= Information given =
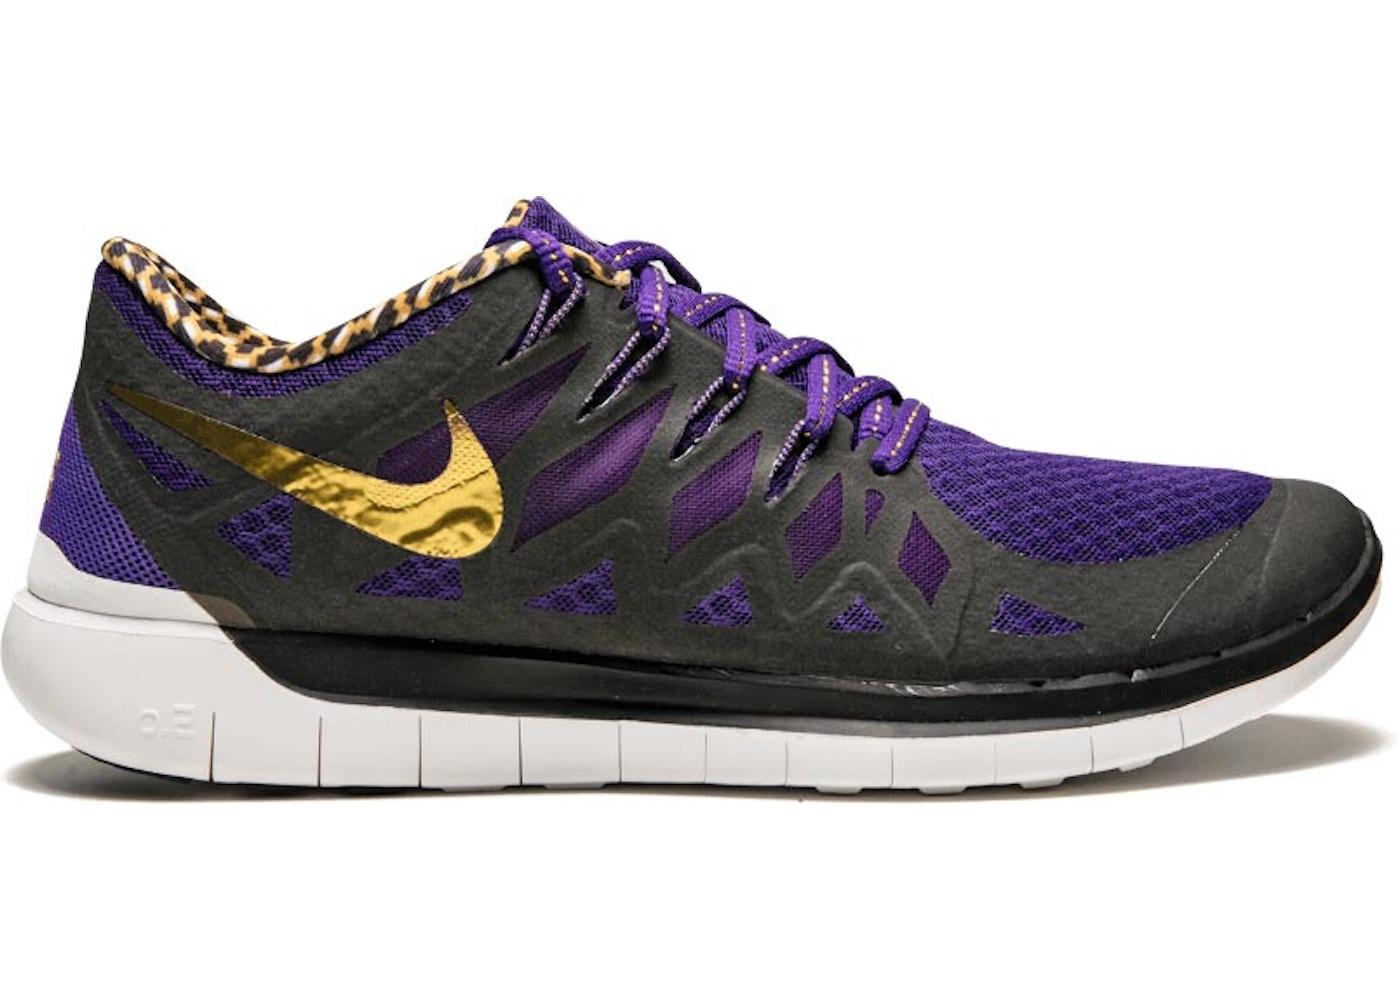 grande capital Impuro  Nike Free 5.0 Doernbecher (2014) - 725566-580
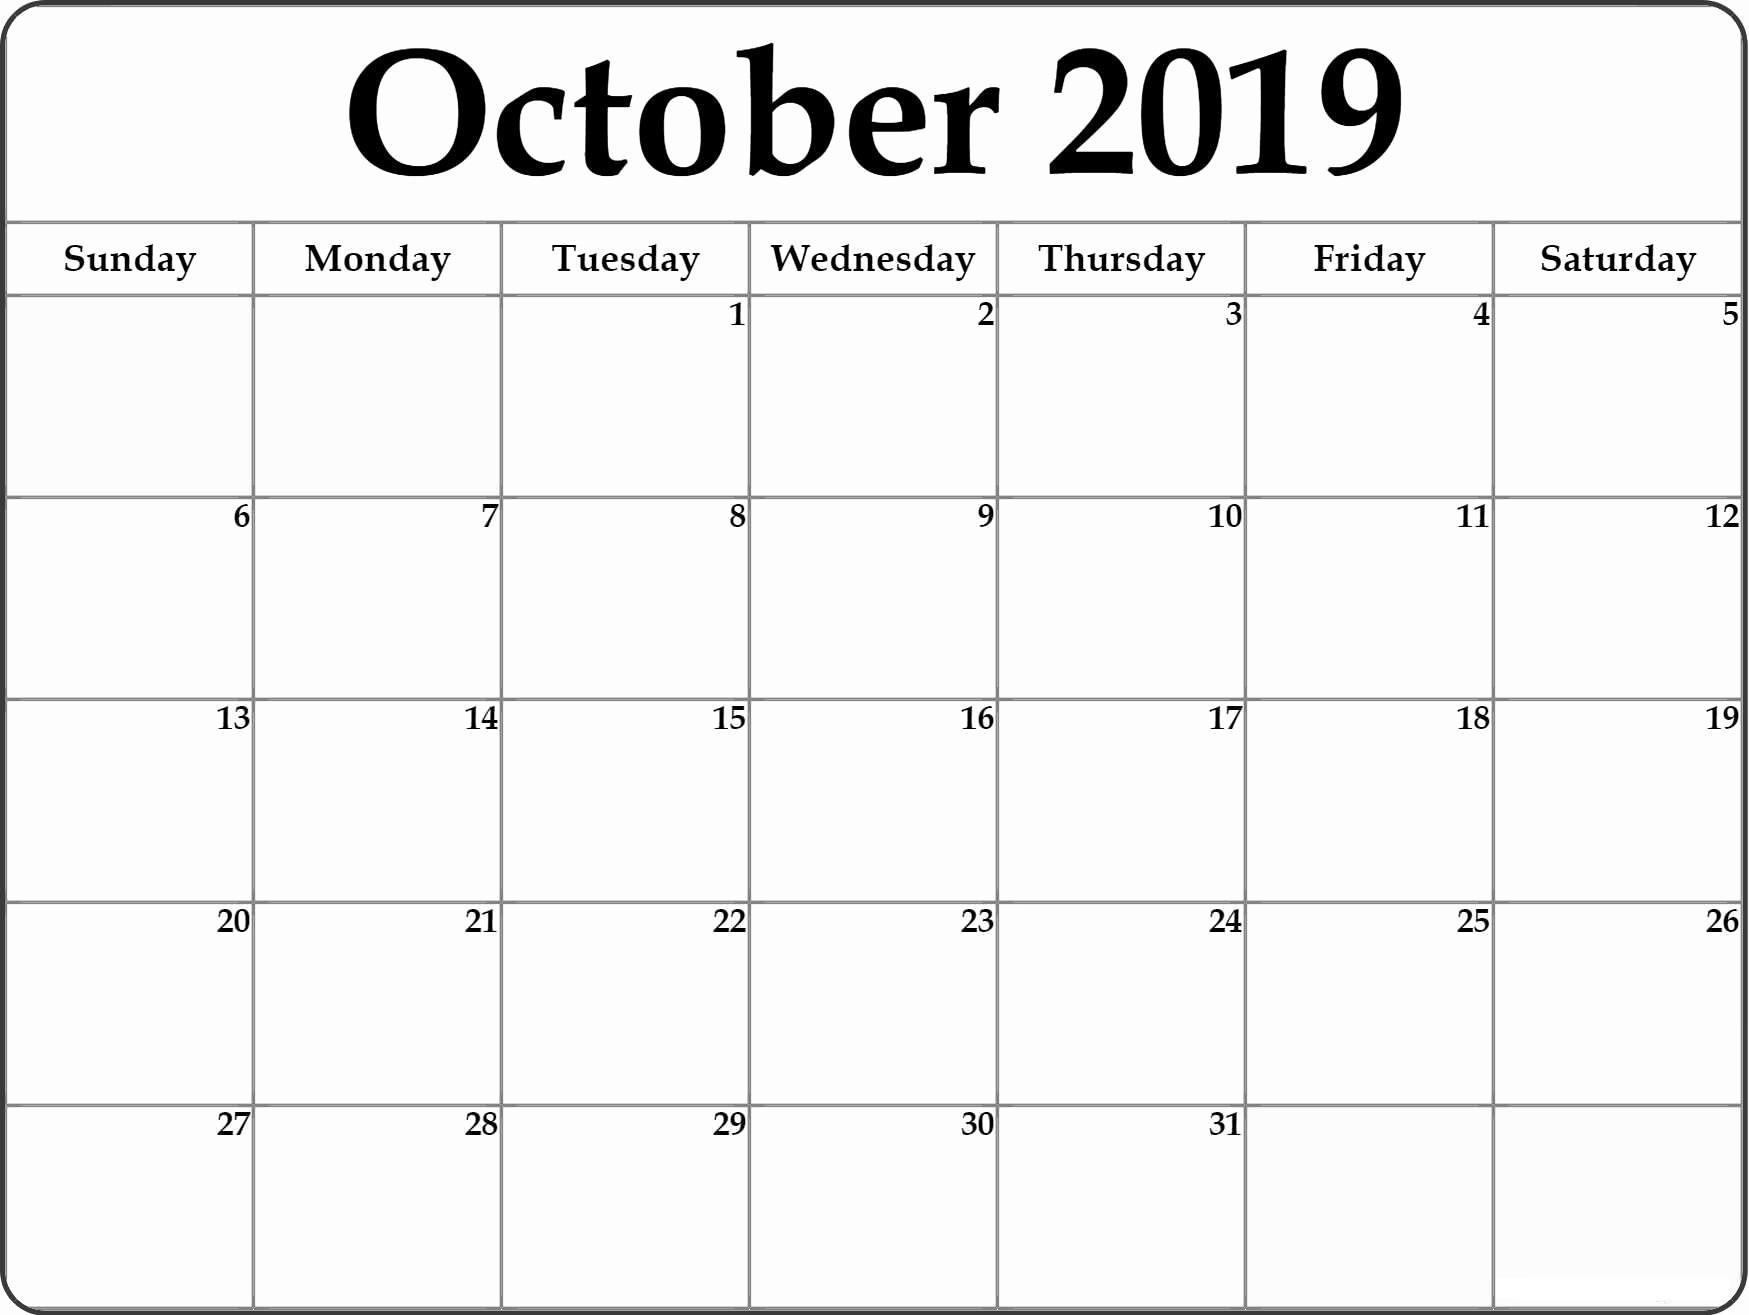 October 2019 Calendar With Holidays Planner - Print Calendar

--

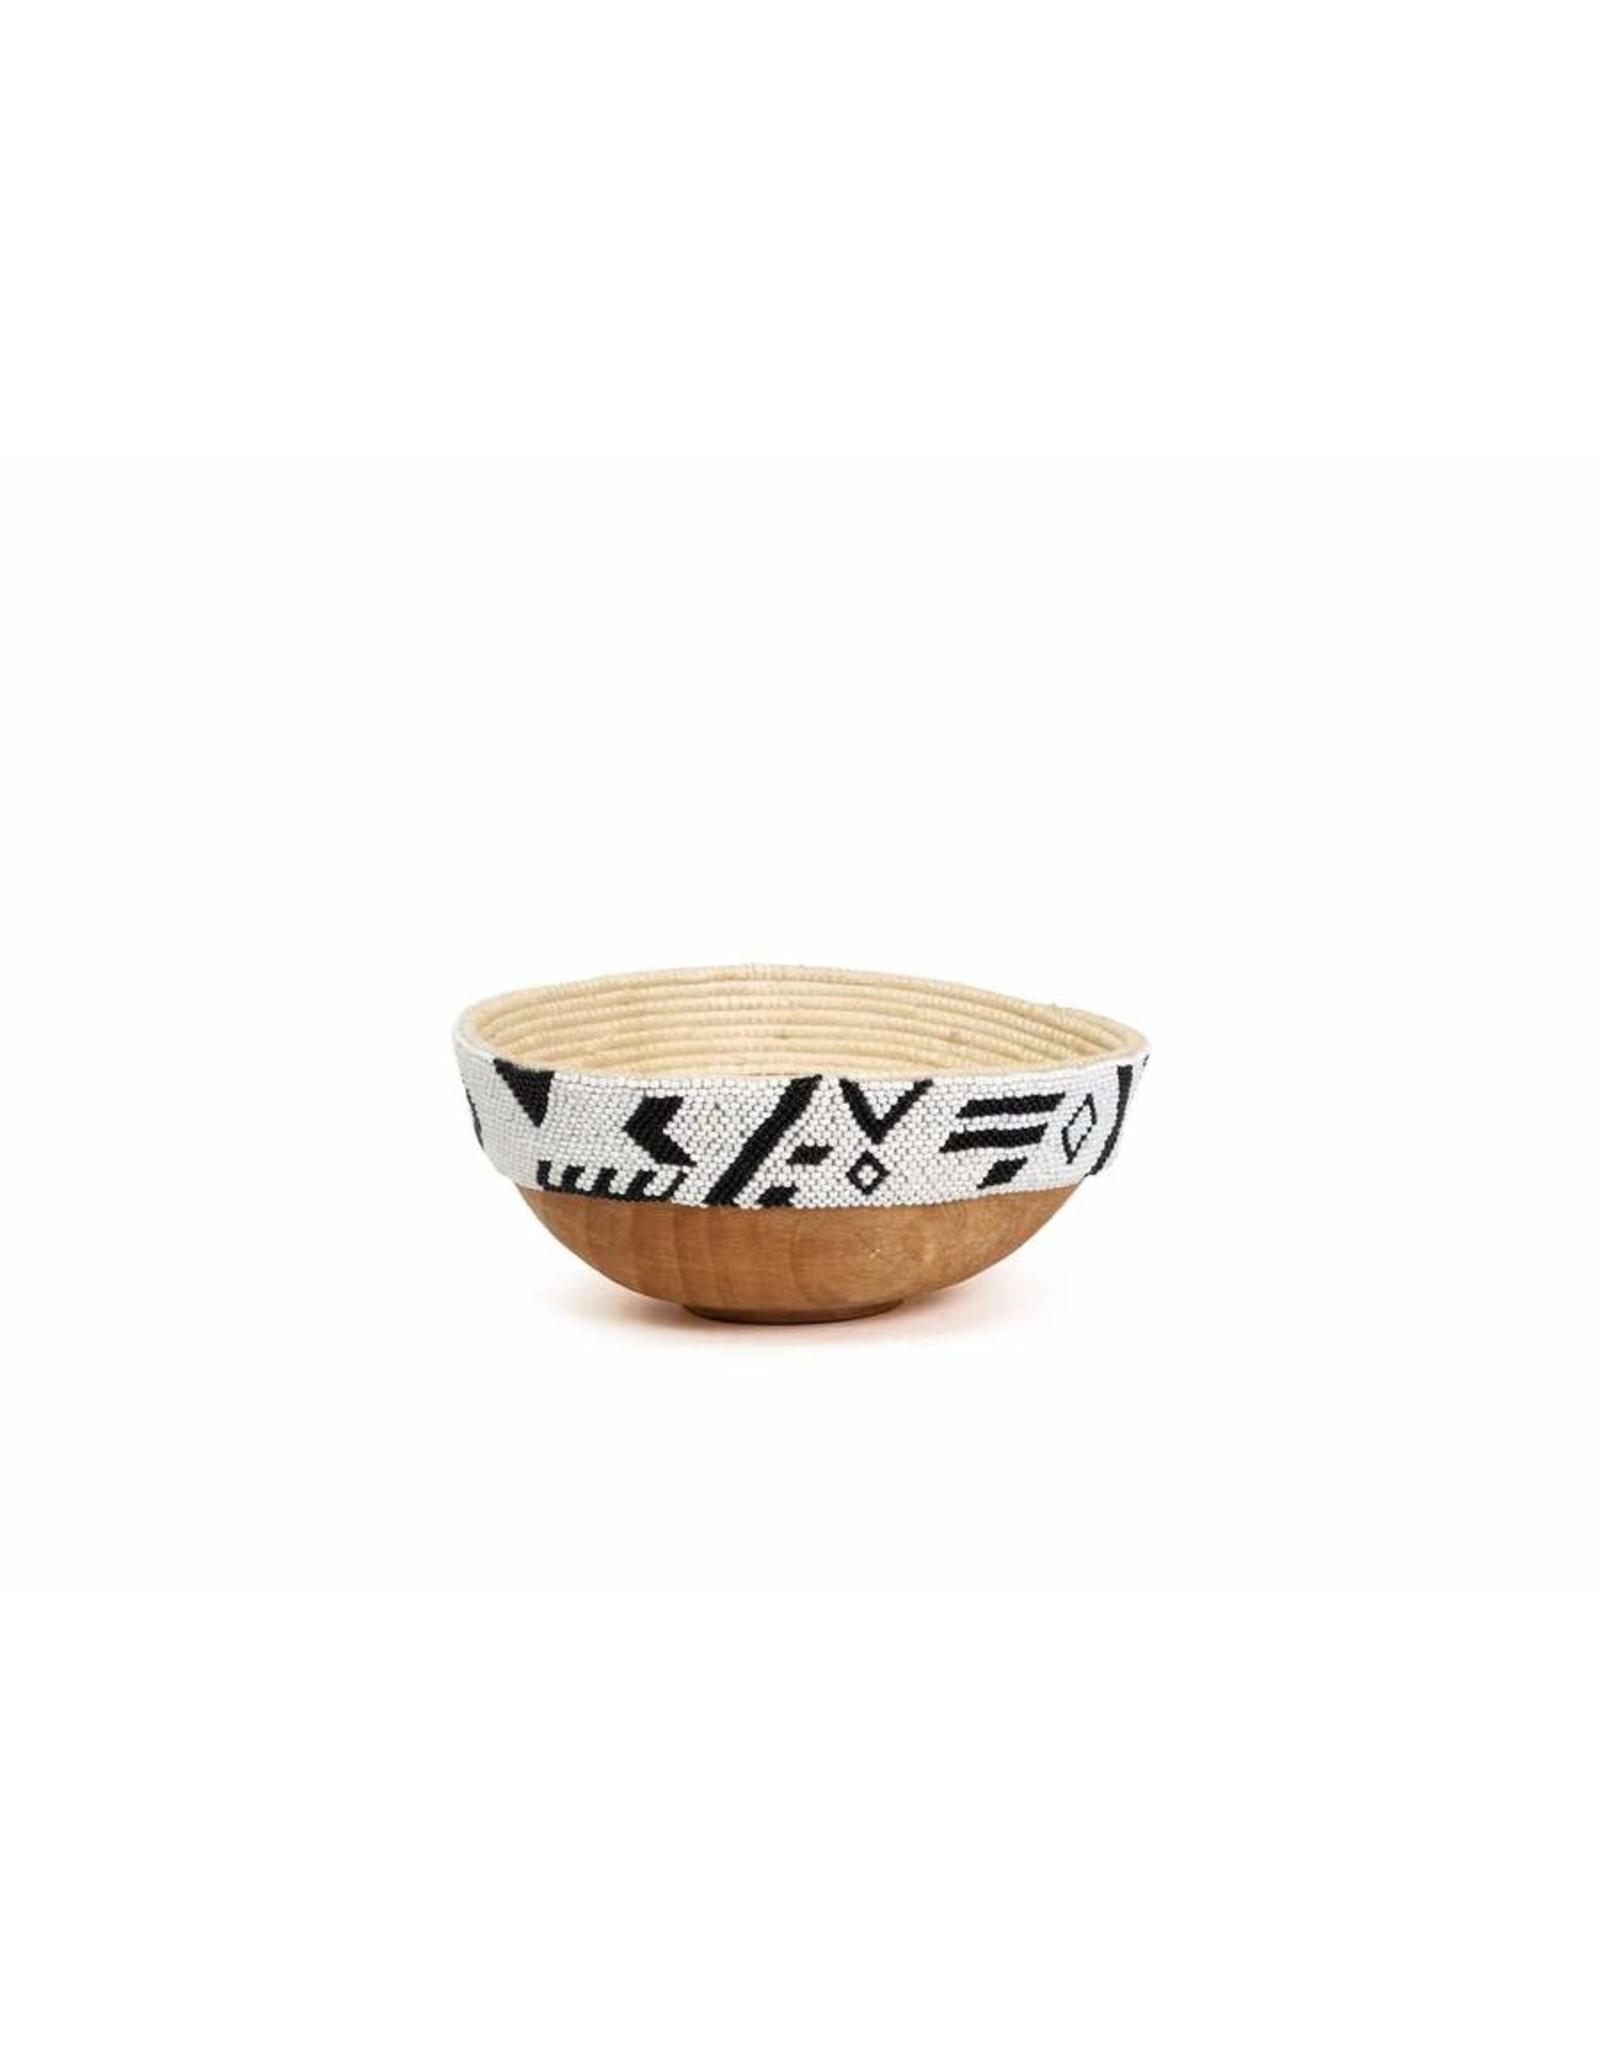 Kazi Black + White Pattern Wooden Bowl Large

= Task objective =
What are the lines in the records above, word for word, from the one containing "grande capital Impuro" through the one containing "October 2019 Calendar", both ends included and pictures left out?

= Exercise answer =
 grande capital Impuro  Nike Free 5.0 Doernbecher (2014) - 725566-580
 October 2019 Calendar With Holidays Planner - Print Calendar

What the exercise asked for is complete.